Dans une pétition datant du 26 janvier, l’ACN a déclaré que les incendies des églises ont eu lieu au lendemain d'un «grand complot pour déclencher des troubles à l’encontre des Eglises et des chrétiens suite aux affrontements religieux à Jos, dans l’Etat du Plateau ». L'association a déclaré que les auteurs des attaques des églises dans l’Etat de Zamfara s'étaient enhardis parce que qu’aucune tentative sérieuse pour arrêter ceux qui ont commis les attentats à Jos n’a été faite. La Police d'Etat n’a pas souhaité commenter la demande de l’ACN.

« Nous sommes sérieusement préoccupés par l'insécurité et la panique que ces attaques ont généré dans la communauté chrétienne et nous demandons que toutes les mesures nécessaires et urgentes soient prises par nos autorités pour préserver la sécurité des vies des chrétiens et des musulmans en tant que citoyens du Nigeria. » réclame le CAN. « Malgré ces attaques et ces provocations, l'Eglise et les chrétiens comme peuple pacifiste ont toujours conservé leur calme et n'ont aucun projet de réplique. Mais nous vous demandons d'agir et de protéger nos intérêts ».

L’Etat de Zamfara, au nord du Nigeria, fut le premier à instaurer la Shariah fin janvier. Le Nigeria, qui comptait encore 48% de chrétiens dans les années 2000, semble glisser peu à peu sous la coupe des milices islamistes selon quelques observateurs.

Ces violences islamiques ont lieu dans un silence étourdissant de la part des grands média internationaux.

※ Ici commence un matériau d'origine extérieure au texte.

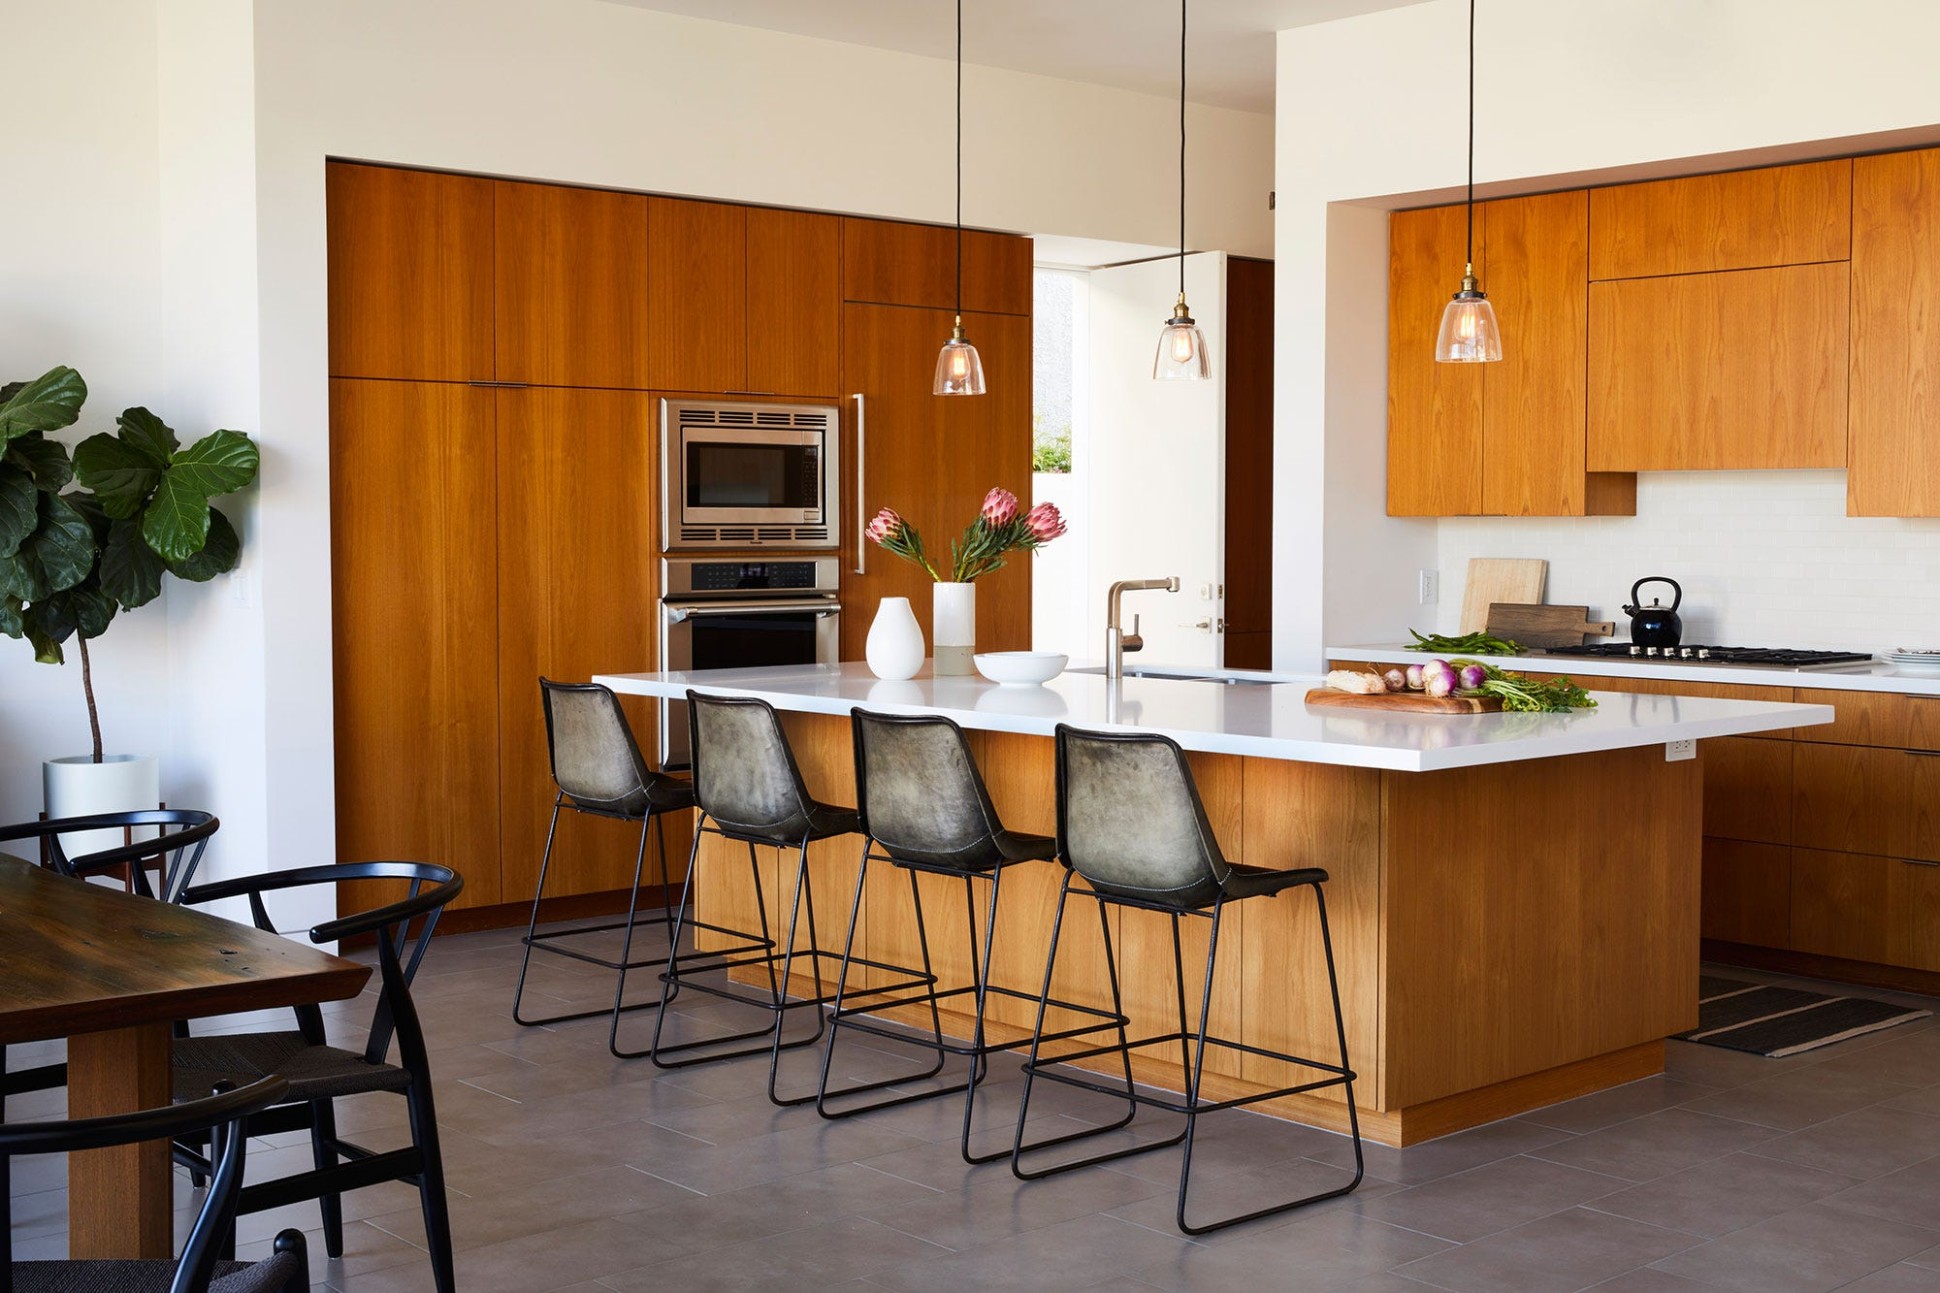 4 Best Modern Kitchen Cabinet Ideas - Chic Modern Cabinet Design - what are modern cabinets made of?
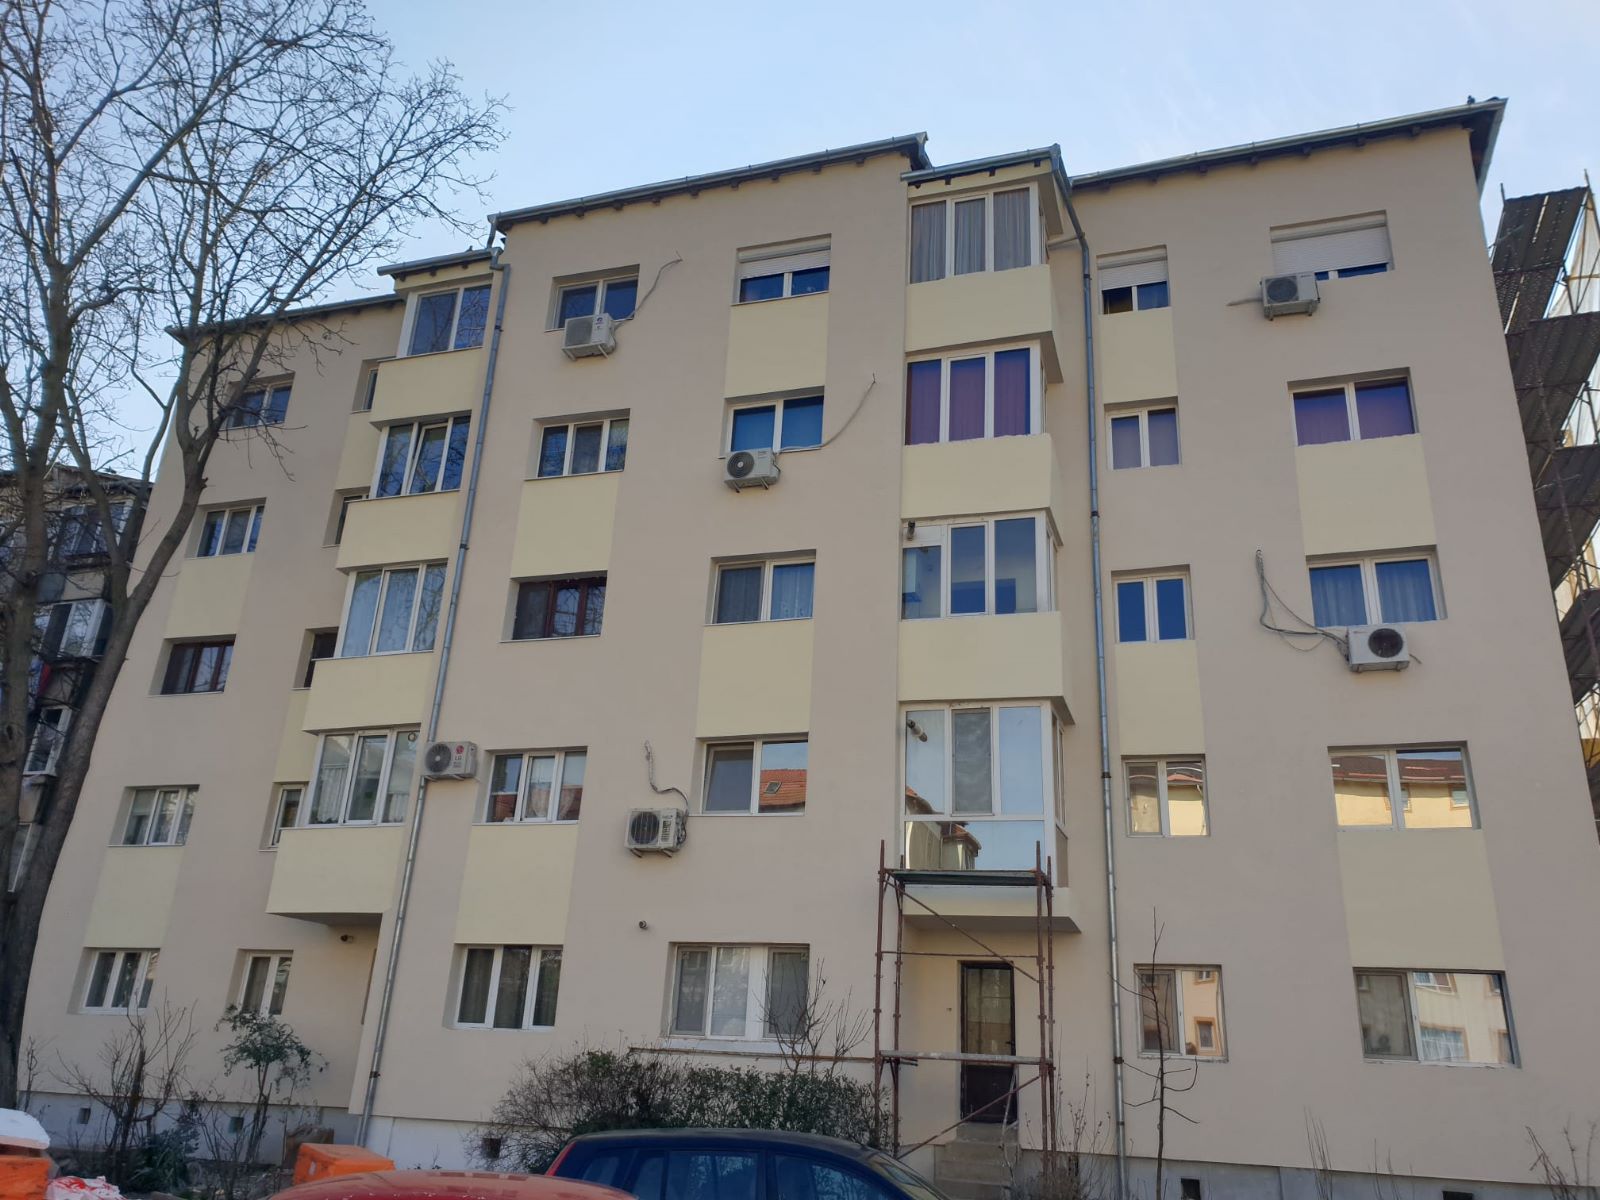 Alte două blocuri intră în reabilitare termică, la Timișoara

Mise à jour : les affrontements à Jos ont fait début mars entre 150 et 500 victimes selon les sources, dans des conflits ethniques qui sont aussi confessionnels. Les médias se font tous l'écho désormais de ces effroyables tueries qui ont lieu au Nigeria. L'affaire semble plus compliquée qu'il n'y paraît. A l'origine, l'ethnie sédentaire berom (chrétien) aurait assailli l'ethnie nomade fulani (musulmans) car ceux-ci voleraient trop de bétail aux beroms. 300 musulmans (chiffre aberrant de l'AFP qui demande à être confirmé) auraient été tués ainsi en janvier. Ceux-ci se seraient donc vengés dans ce premier raid de fin janvier qui a fait 50 victimes, puis dans un second raid du 6 mars qui aurait fait entre 150 et 500 victimes (les chiffres donnés se contredisent). En trois heures, des centaines de personnes ont été massacrées, tuées à la machette et brûlées, et les maisons incendiées, selon les témoins qui ont décrit de véritables scènes d’horreur. Apparemment les attaques étaient coordonnées, les assaillants ont lancé les attaques simultanément sur trois villages. De récents rapports de sécurité affirment que « des intégristes islamistes » dans la région ont encouragé les violences. Les habitants accusent l'armée d'être restée passive alors qu'ils avaient reçu des menaces téléphoniques et que le couvre feu avait été instauré depuis janvier entre 18h00 et 06h00. Le président par intérim Goodluck Jonathan a démis son conseiller à la sécurité, le général Sarki Mukhtar suite à ces massacres.
Ce conflit semble plus ethnique que religieux, même si on ne peut occulter les incendies d'Eglise fin janvier et l'excitation orchestrée par les intégristes islamistes.